Who Wants To Be A Millionaire? Your Final Project Will Be To
Who Wants To Be A Millionaireyour Final Project Will Be To Create A Qu
Your final project will be to create a quiz game similar to “Who Wants to be a Millionaire?†Requirements: • Your game will include 5 questions. • You will ask the user multiple choice questions (in increasing difficulty if possible). • Each question, if answered correctly, will have a point value attached to it. The point values should be as follows: 100, 200, 500, 1000, 2000. • Unlike the game on T.V., the score will be an accumulation of the points earned throughout the game and the user may continue if he/she answers incorrectly.

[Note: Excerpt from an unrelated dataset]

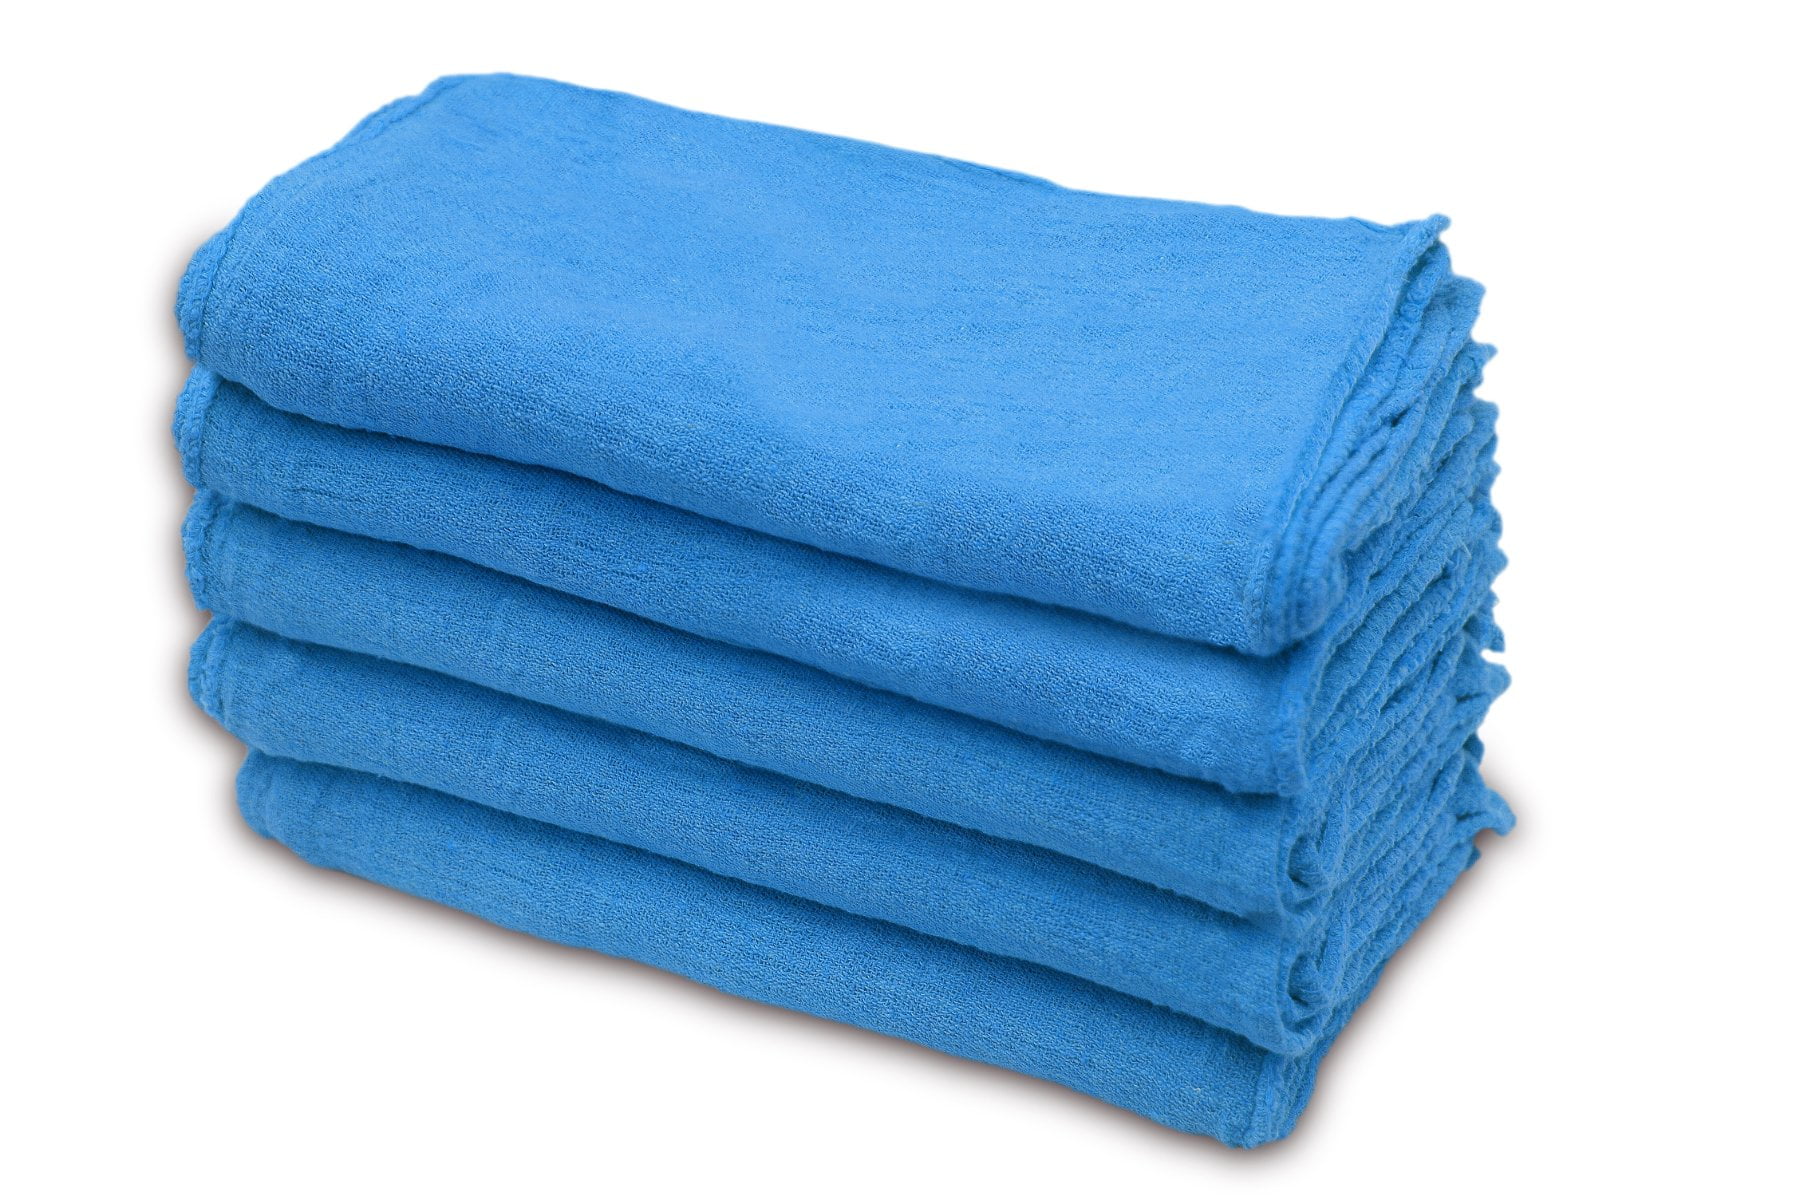 Textile Empire Shop Towels Cotton Rags - Shop Rags for Cleaning Hand Towels Bulk Facial Towels Shop Towels Reusable Eco Friendly Wash Cloths Kitchen

Show the user’s point total after each question. • At the end of the game, the user should be given the option to play again if he/she chooses. • Include a text file called “highscore.txt” that stores the highest scoring player’s first name and score. Update the text file if the user scores the highest score. • Include at least three functions in your program. Input Validation: The user must choose valid options from menus. Grading Criteria: 1. Algorithm 2. Text File manipulation -Read from file -Compare to score in file -Write to file 3. Loops/If Structures -Game ends at correct place -Play as many times as user wishes -Game and score resets 4. Score Accumulation 5. Functions
Paper For Above instruction
Creating an engaging and functional quiz game inspired by “Who Wants to Be a Millionaire” involves detailed planning, effective programming, and user-focused design. This project requires implementing core programming concepts such as functions, loops, conditionals, file manipulation, and input validation, culminating in an interactive game that tracks high scores and allows repeated play.
The foundation of this project is designing a quiz engine that asks five multiple-choice questions of increasing difficulty. Each question is assigned a specific point value—100, 200, 500, 1000, and 2000—that accumulates as the user answers correctly. If the user answers incorrectly, the game should still display the accumulated score, and the game continues unless the user chooses to end or restart.
An essential feature of this game is maintaining a high score record, stored in a text file named “highscore.txt”. The program reads from this file at the start to compare the current user’s total score and updates it if a new high score is achieved. This involves reading and writing to a text file, a core aspect of file manipulation and data persistence in programming.
Implementing robust input validation is critical to ensure that users select valid options when answering questions and making menu choices. The game must handle invalid inputs graciously, prompting users to re-enter valid options, thereby enhancing usability and preventing runtime errors.
The game structure should extensively employ loops and conditional statements. Loops facilitate playing multiple rounds, allowing the user to decide whether to continue after each game. Conditional statements determine the flow of the game, such as ending the game upon incorrect answers or updating the high score if necessary.
Functions are vital for modularity and readability, with at least three functions encapsulating core functionalities like asking questions, updating scores, and handling file operations. Clear function definitions make the program more maintainable and scalable.
In summary, this project combines fundamental programming principles to develop a complete, interactive quiz game. It emphasizes user interaction, data management, and code structuring, providing an engaging way to practice algorithm development, file I/O, control structures, and function utilization.